Current Titan FC Lightweight Champion Rick Hawn announces retirement: “I’m going out on my own terms”

By Jamie Penick, MMATorch Editor-in-Chief

On Sept. 19, 39-year-old Rick Hawn defeated Pat Healy in a five round decision to capture the Titan FC Lightweight Championship.

On Monday, the 25-fight veteran announced his retirement from the sport.

Hawn, who logged 14 of those career fights over a four-year span with Bellator, revealed his decision in an interview with Ariel Helwani on The MMA Hour.

“After giving a lot of thought, I probably just had the best fight of my career a few weeks ago winning the lightweight title for Titan,” Hawn said. “It’s been a long road. You’ve been around and seen me years ago in Bellator. I’m 39 years old. It’s time to hang it up.

“I’m going to go out on top, holding the belt.
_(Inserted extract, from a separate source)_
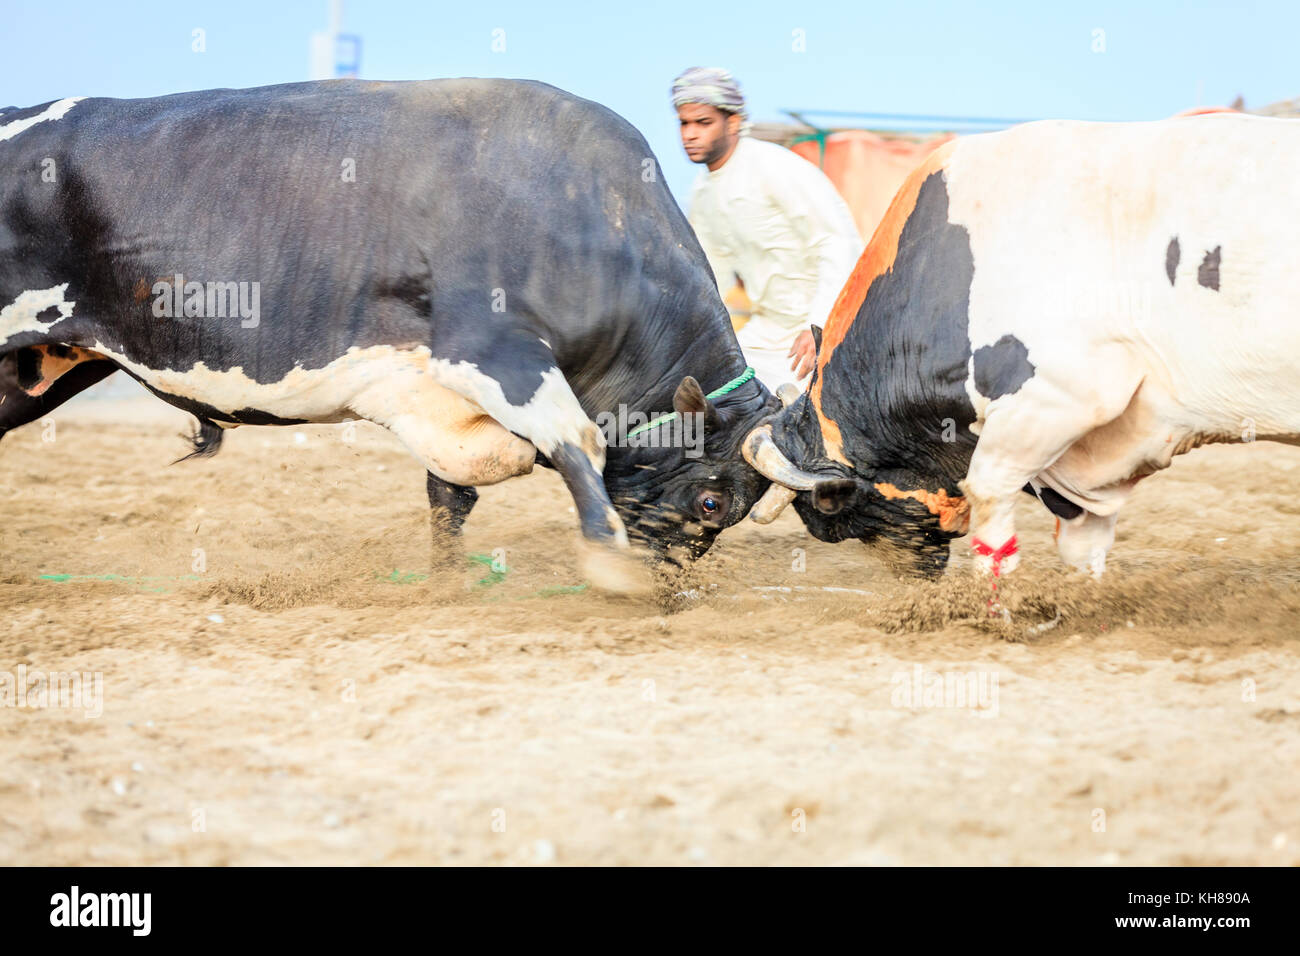 Fujairah, vae, April 1, 2016: Bullen kämpfen in eine traditionelle Veranstaltung in Fujairah, VAE Stockfoto

It’s just one of those things. I’m not a young kid anymore. As you know, it’s a hard sport. I’m going out on my own terms. My big announcement is I’m retiring from MMA.”

Hawn says that, despite getting the title opportunity with Titan, he went into the bout with the mindset that it would be his last.

“It’s been on the verge the last couple of years,” he revealed. “Back in 2013, I almost retired when I was with Bellator, having some contract issues with them. I wasn’t really happy at the time. So, I thought about it back then. More recently, over this last summer before I got the call for the Titan fight I pretty much made up my mind that I was going to be done with it and move on to the next chapter.

“It was win or lose, I was going to be done. It’s just better to go out with a win. I think it’s a good way to finish it for me.”

Penick’s Analysis: Hawn, with the exception of two fights, was at the very least extremely competitive with everyone he ever fought. He had a great run in Bellator in two different divisions, and finished up with a win over a Strikeforce and UFC vet in Healy. He may have never gotten himself into the conversation of elite fighters, but he was very good for a significant amount of his run. Good for him on walking away on his own terms, as so many fighters aren’t afforded that opportunity.